For most professionals, getting promoted—even without immediately receiving a larger paycheck—is preferable to receiving a pay raise without a promotion.
Career advancement remains one of the strongest signs for salaried employees that they are appreciated and valued—and moving forward at work—although a promotion and pay raise would, assuredly, be even better. And if pay isn't increased eventually, promoted employees are likely to seek employment elsewhere.
Nevertheless, results released in January from a survey fielded last fall by consultancy Korn Ferry, with responses from 1,200 professionals worldwide, found that nearly two-thirds of respondents (63 percent) would prefer to get a promotion with no salary increase than a salary increase with no promotion.
Studies show the overwhelming importance of recognition in driving employees' job satisfaction, said Dennis Baltzley, Korn Ferry senior partner and the firm's global head of leadership development. To retain their best talent, he noted, organizations "need to put development and clear career-pathing plans in place, not just for top leaders but for those across the organization."

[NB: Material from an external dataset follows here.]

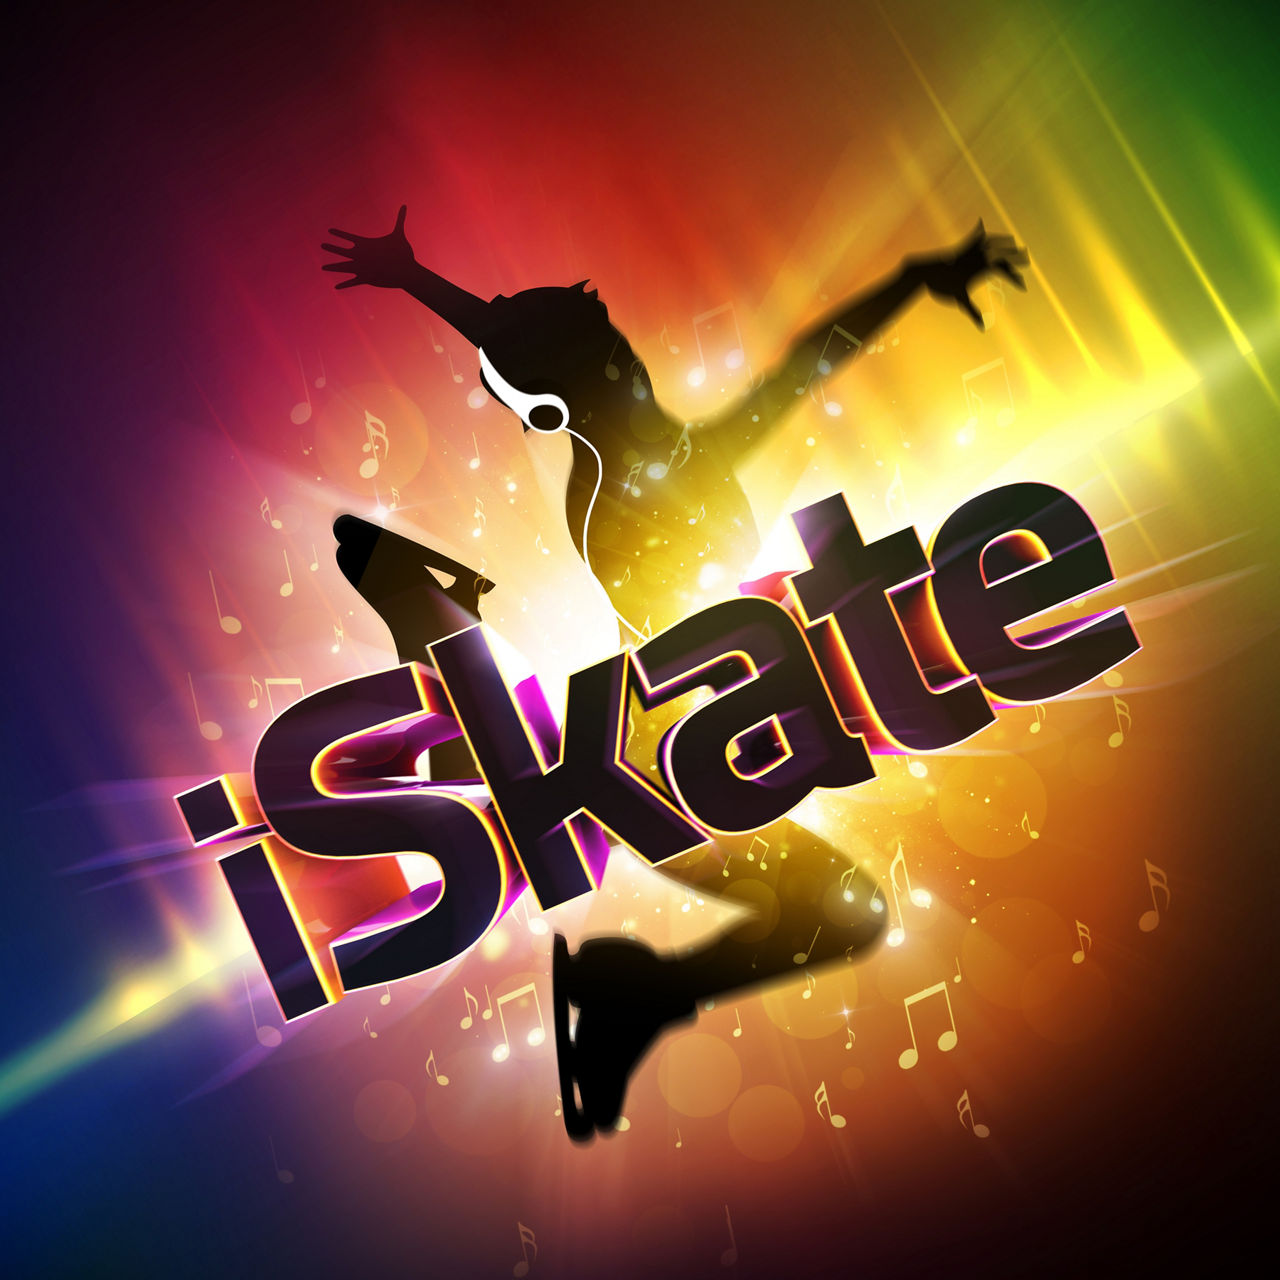 The colorful rainbow logo for the ice skating show iSkate.

While 39 percent of survey respondents received a promotion within the last year, 45 percent expect to receive a promotion this year.
The importance of promotions in regard to the gender pay gap was revealed in another study, which found that 20 percent of women believe that gender has contributed to a missed promotion or raise.

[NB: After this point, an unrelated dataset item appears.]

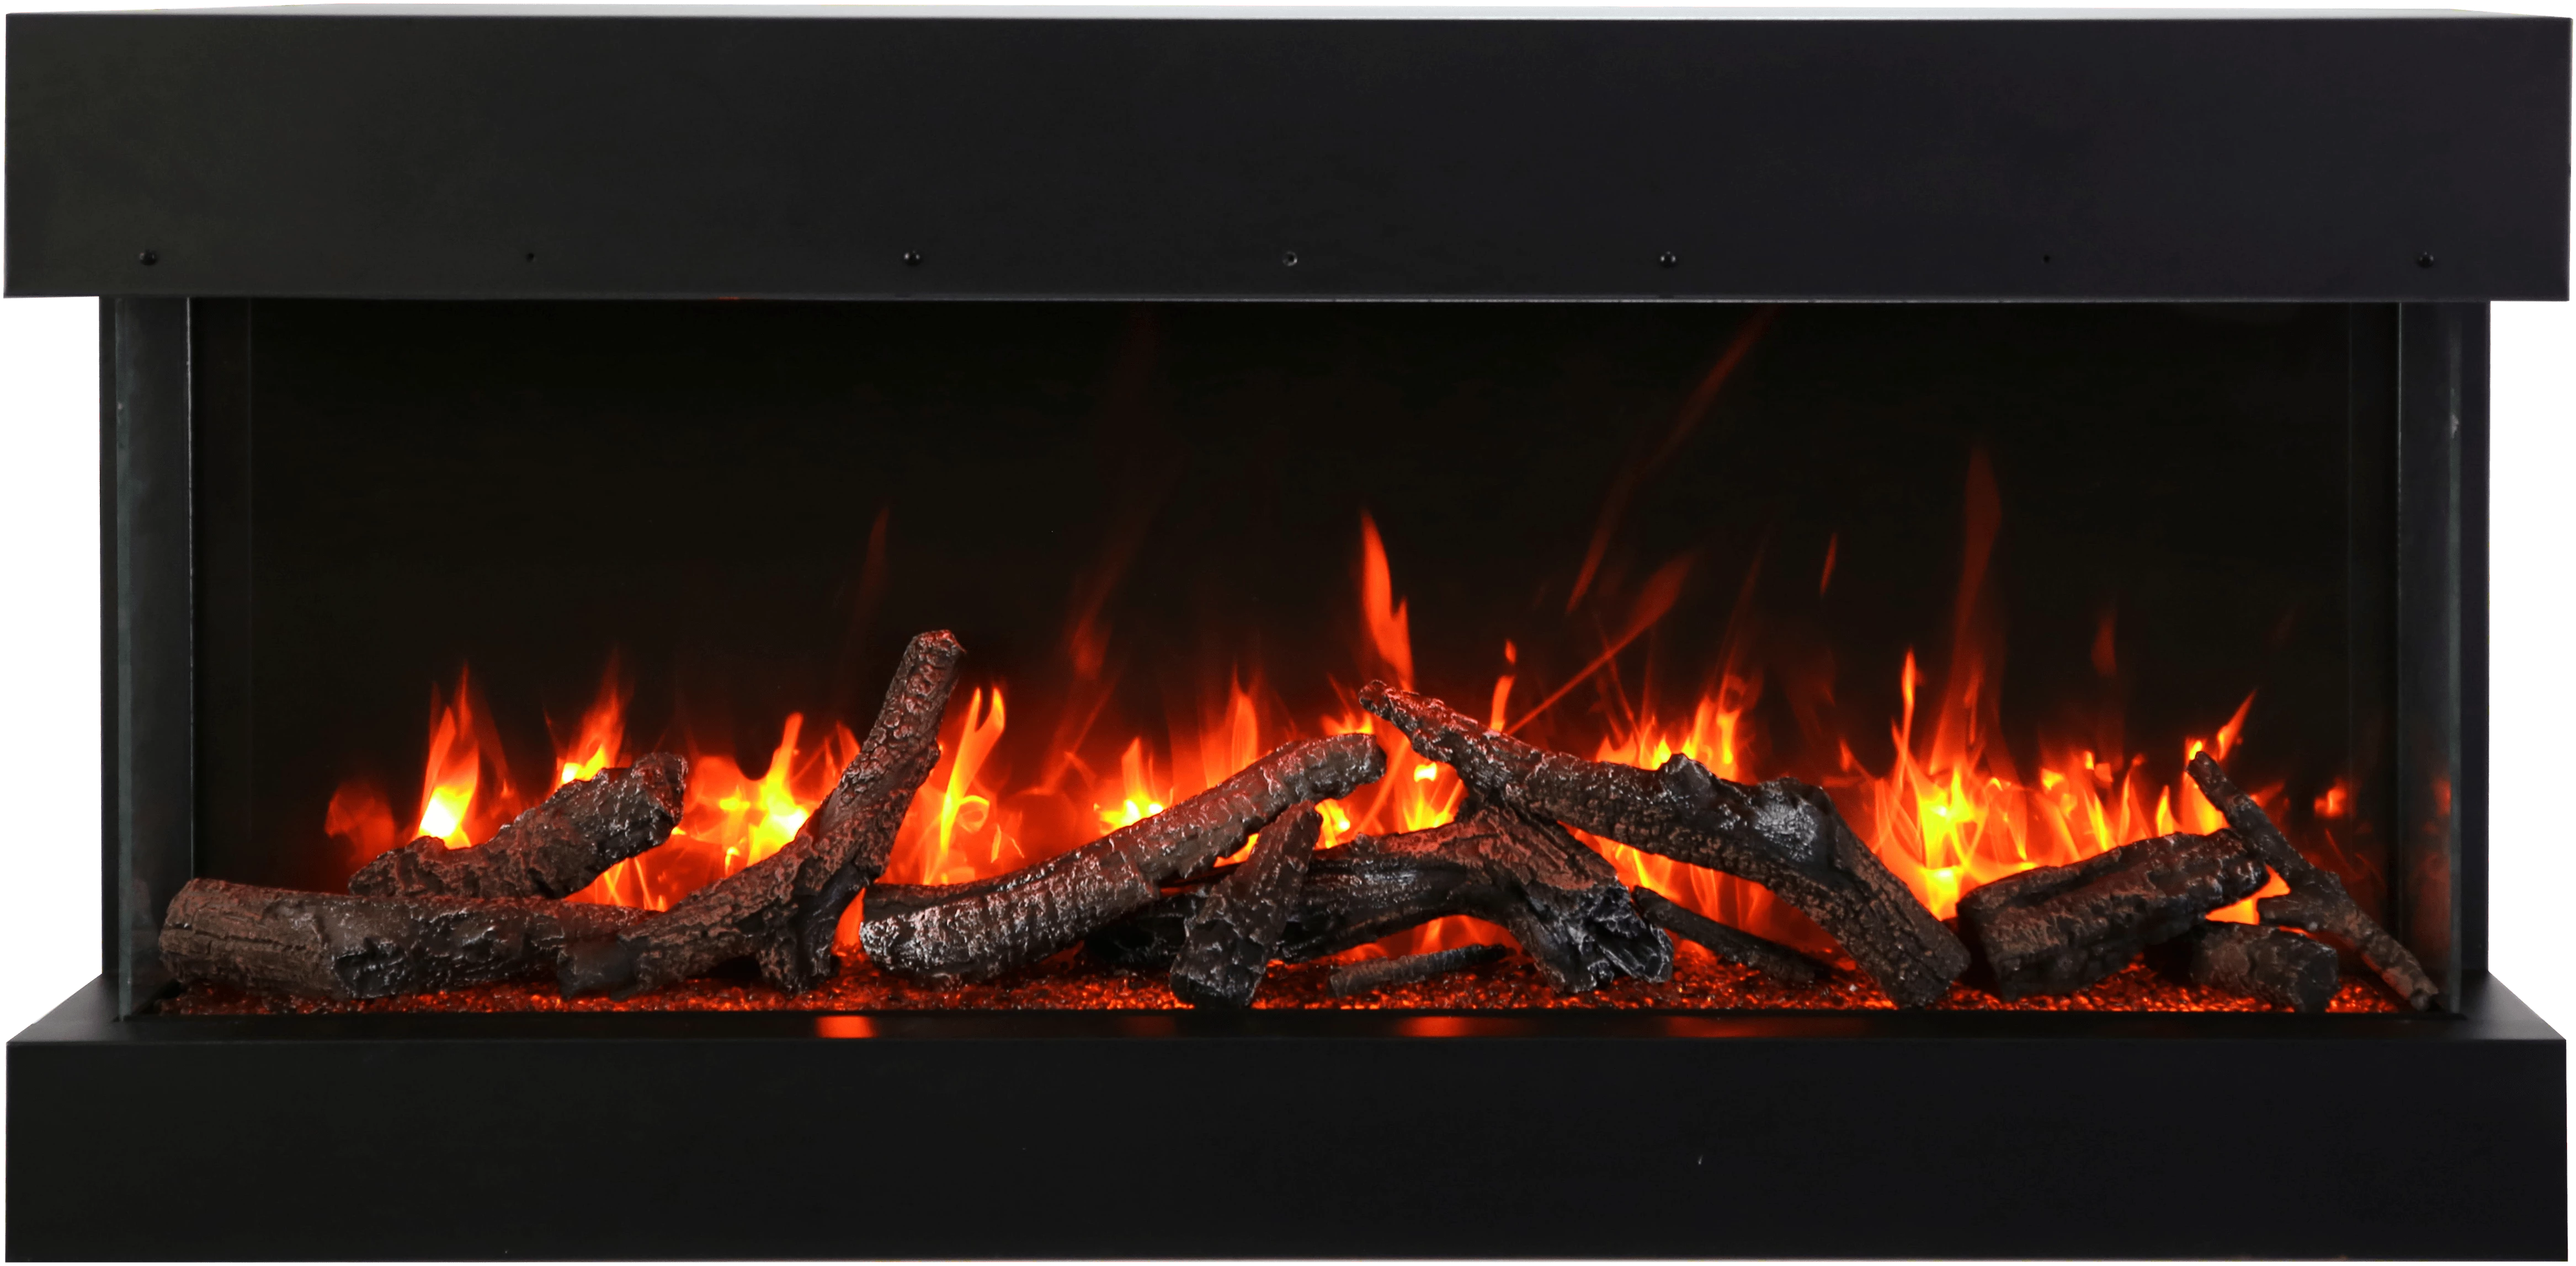 Amantii TRV-View Deep XT Series 3-Sided Glass Electric Fireplace

Show Employees How to Climb the Job Ladder
Organizations can benefit from creating clear advancement opportunities for professionals. The survey found, for instance, that among respondents who were not promoted over the past 12 months:
- More than half (56 percent) cited "bottleneck or nowhere to go" as the main reason.
- Nearly one-fifth (19 percent) said office politics got in the way of their moving up the ladder.

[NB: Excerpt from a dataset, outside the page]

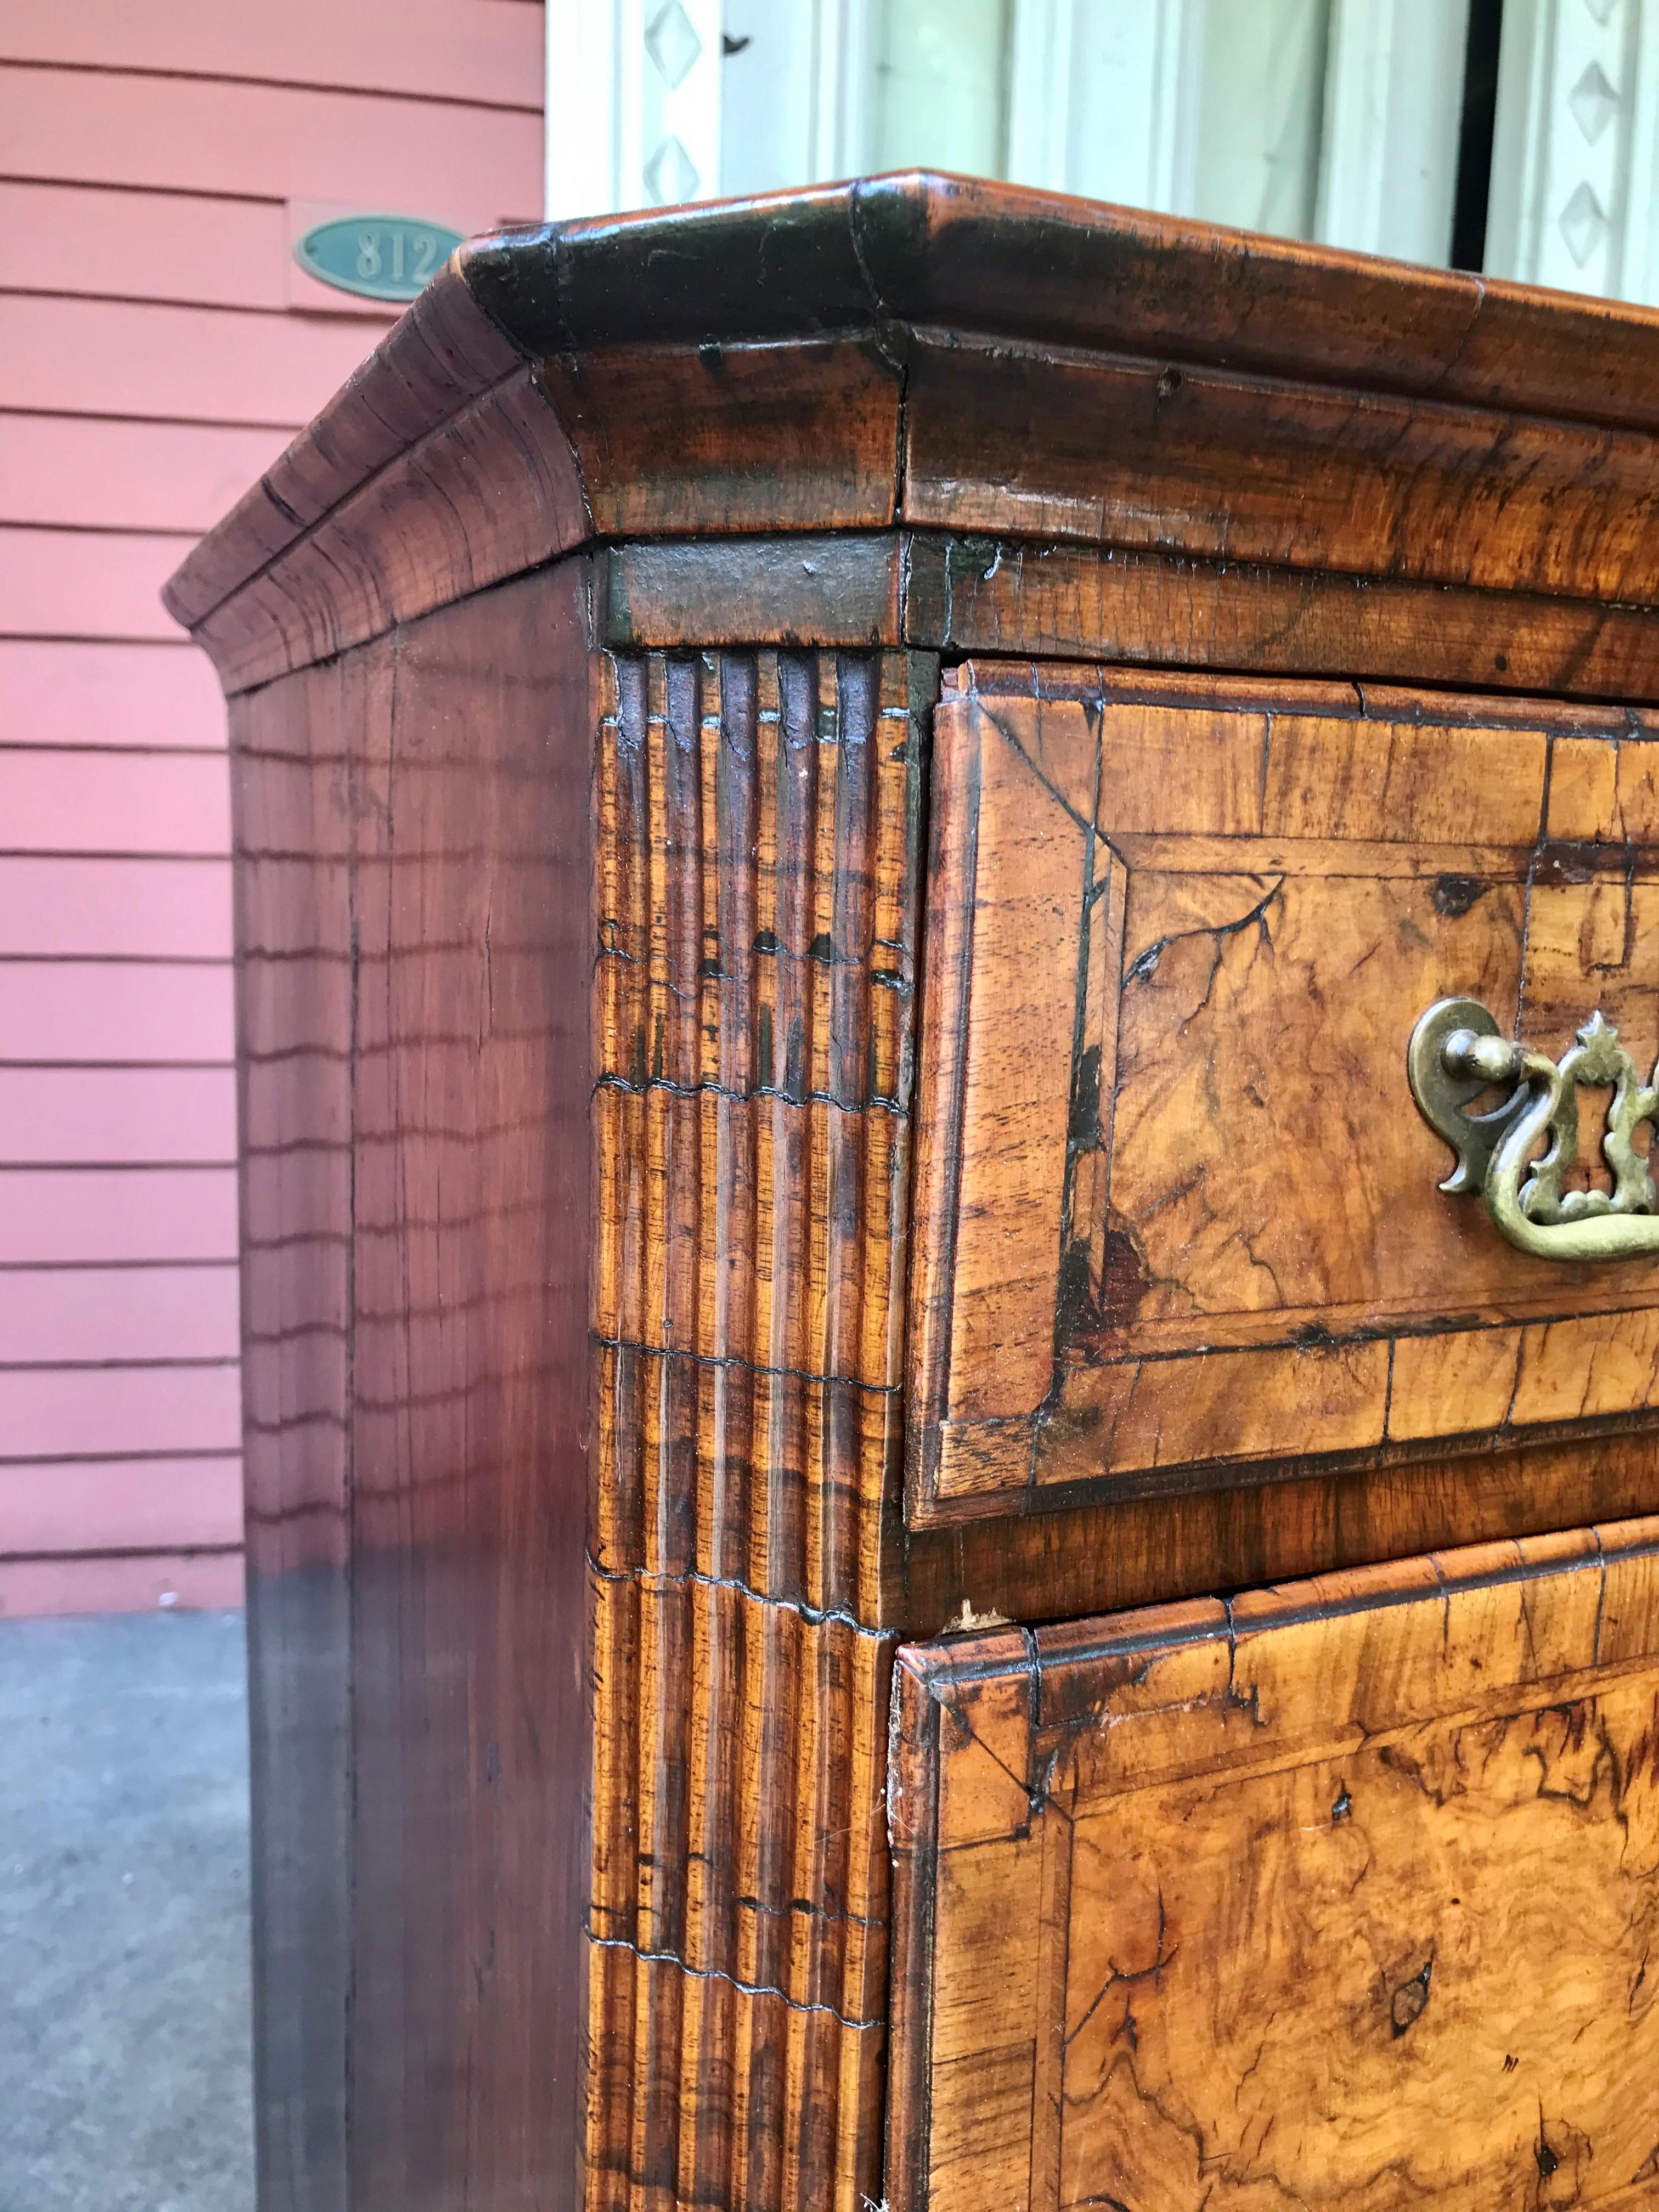 Sturdy Georgian chest. Stunning veneers and light color. The sides are solid boards.The top well worn and used ( note photo).Feet are later ,as is the hardware. Warm patina and color. The canted corners fluted or ribbed. with key.  Shows well .

The

The vast majority (88 percent) said that if they wanted a promotion, the No. 1 action they would take would be to have a conversation with their supervisor and identify growth areas that would enable them to move into the next role. If passed over for a promotion, 84 percent said the top action they would take would be to identify the reason and work to improve.
[SHRM members-only toolkit: Developing Employee Career Paths and Ladders]
Conversations about career advancement "should start early on and include details on the exact key performance indicators that need to be achieved to earn a promotion, and there should be regular meetings to ensure progress is being made," said Peter Keseric, a managing consultant at Korn Ferry Futurestep, the consultancy's executive search and recruitment unit.
When asked on average how long they should stay in a role before being promoted, the No. 1 response (38 percent) was 2-3 years.
"The key is ongoing development and feedback to ensure the professional is ready to take on added responsibility in a role," Baltzley said. "Knowing that a promotion is a possibility is an excellent way to retain top talent."